START Records for this task

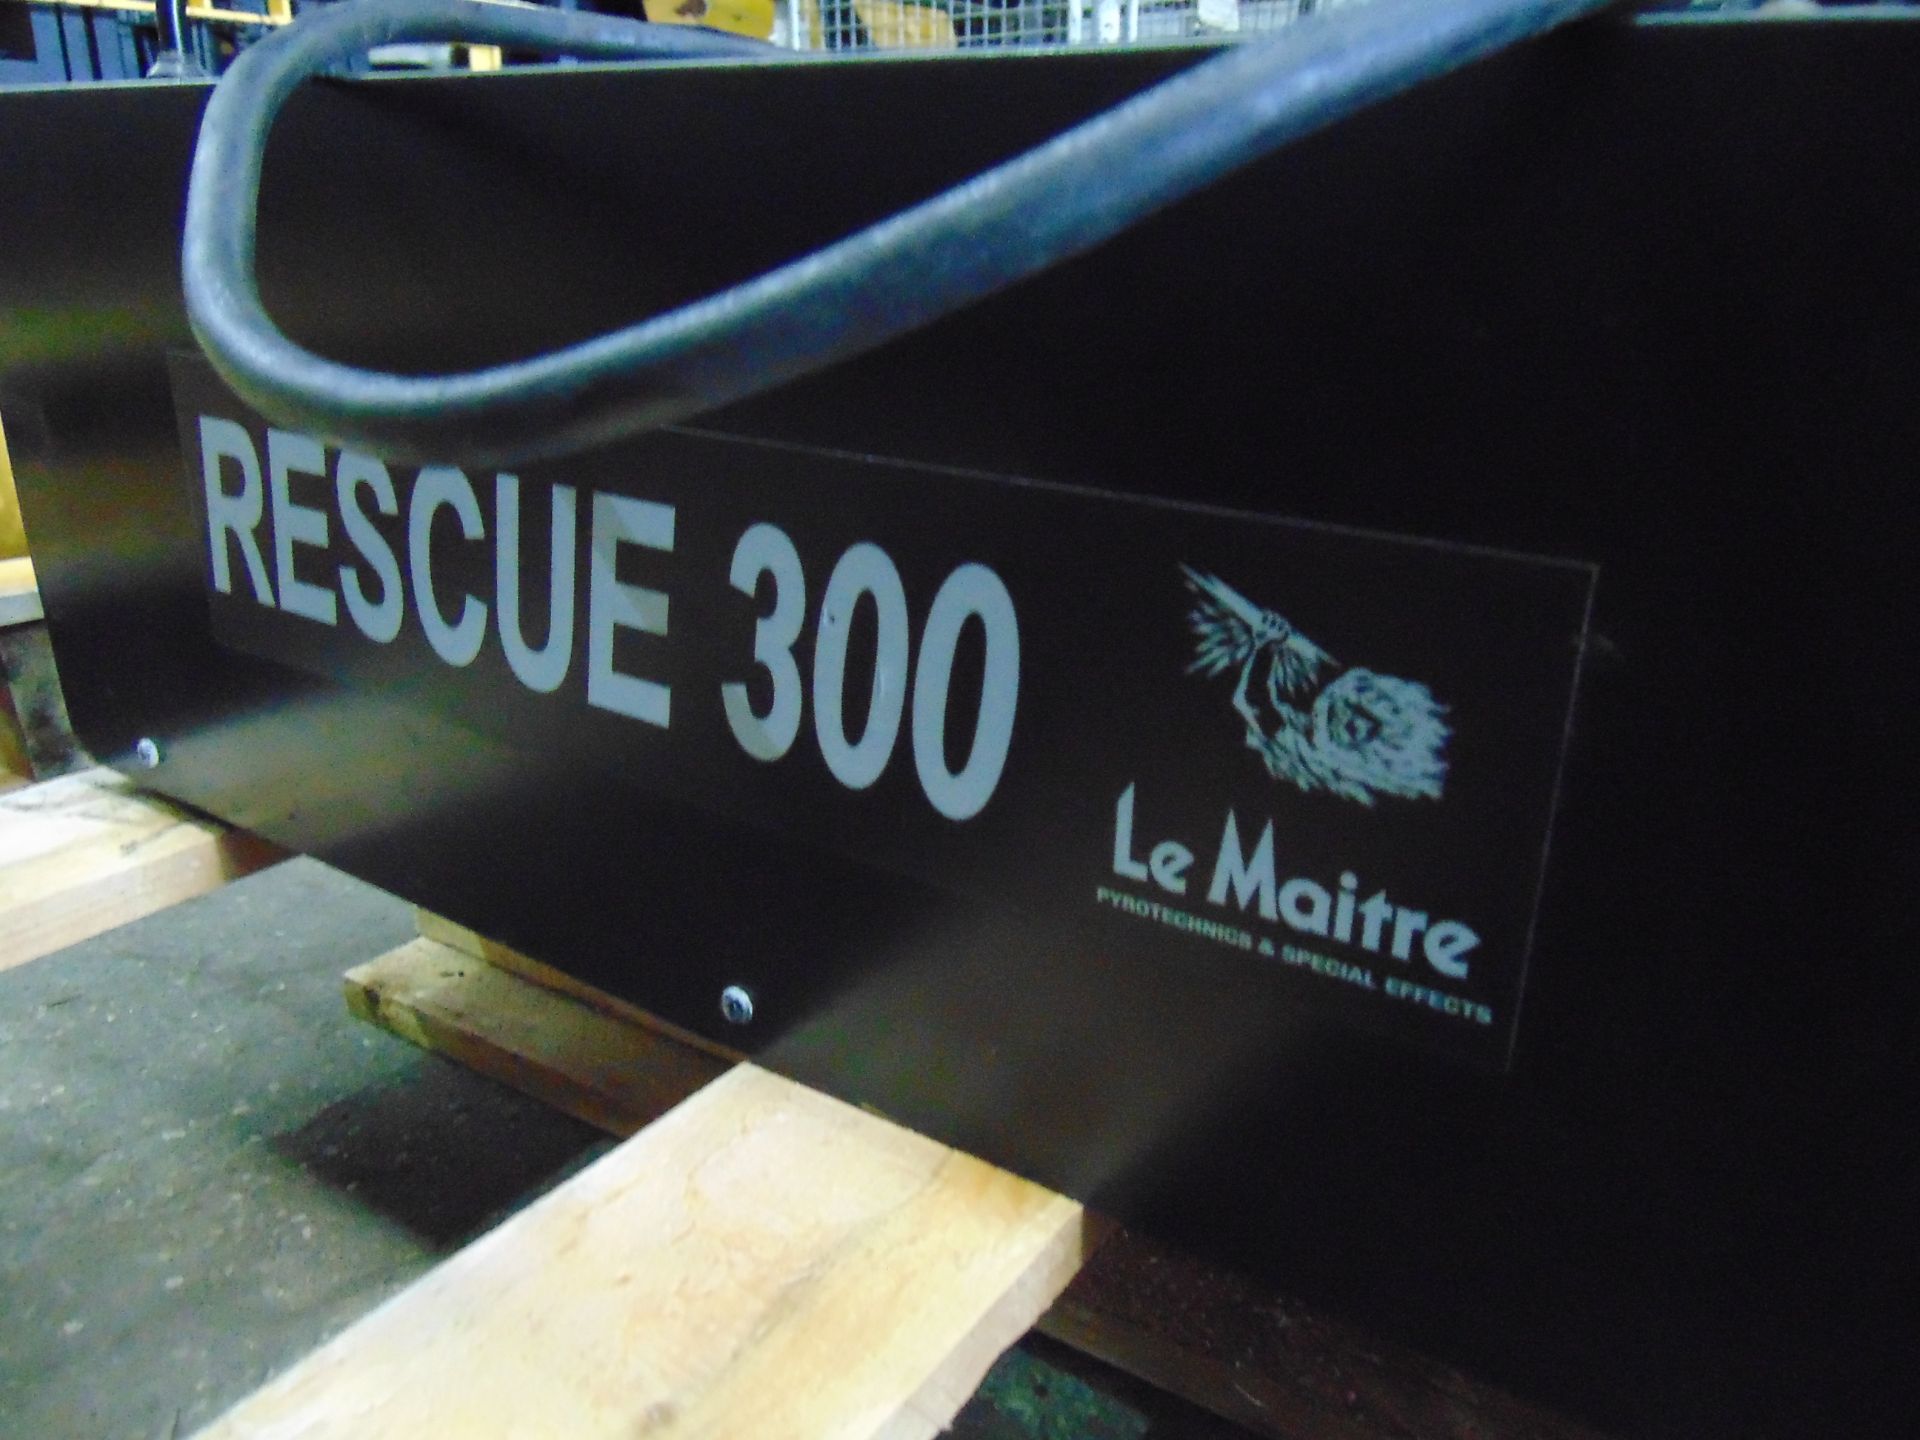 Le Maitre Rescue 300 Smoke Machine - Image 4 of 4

END Records for this task
START Records for this task

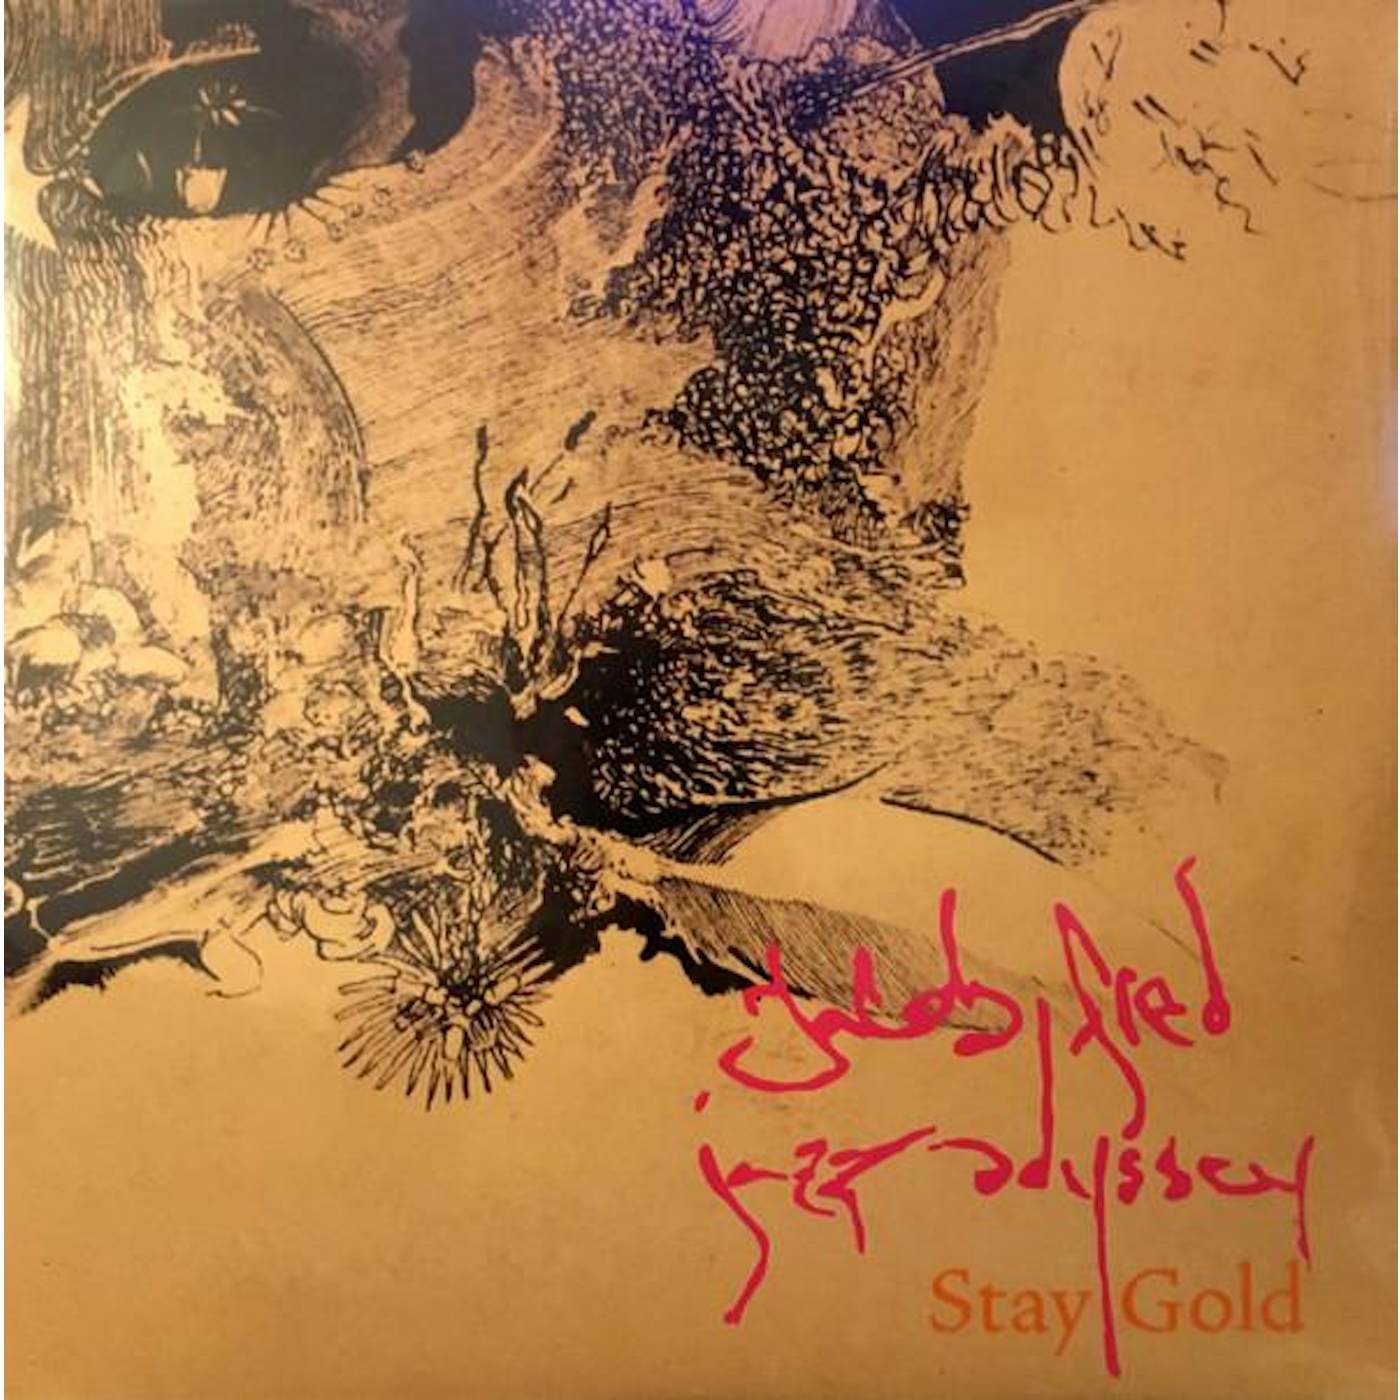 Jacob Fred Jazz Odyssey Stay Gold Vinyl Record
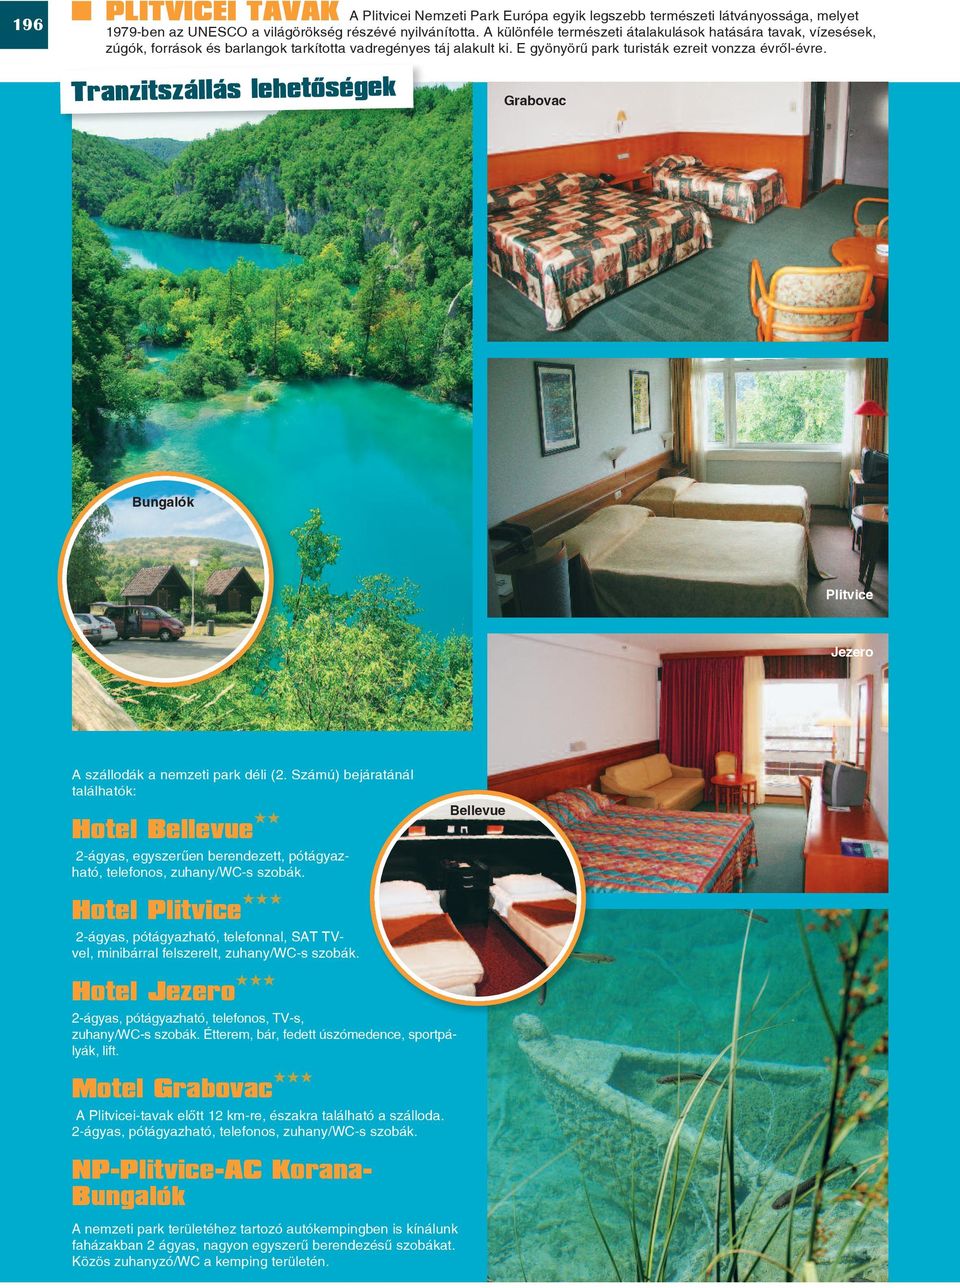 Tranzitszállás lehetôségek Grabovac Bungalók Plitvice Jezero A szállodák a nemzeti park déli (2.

END Records for this task

- [Exercise goal]:
The result should be an exact copy of only the lines above from the one that holds "Jacob Fred Jazz" through the one that holds "Tranzitszállás lehetôségek Grabovac", both ends included, without pictures.

- [Exercise result]:
 Jacob Fred Jazz Odyssey Stay Gold Vinyl Record
 Tranzitszállás lehetôségek Grabovac Bungalók Plitvice Jezero A szállodák a nemzeti park déli (2.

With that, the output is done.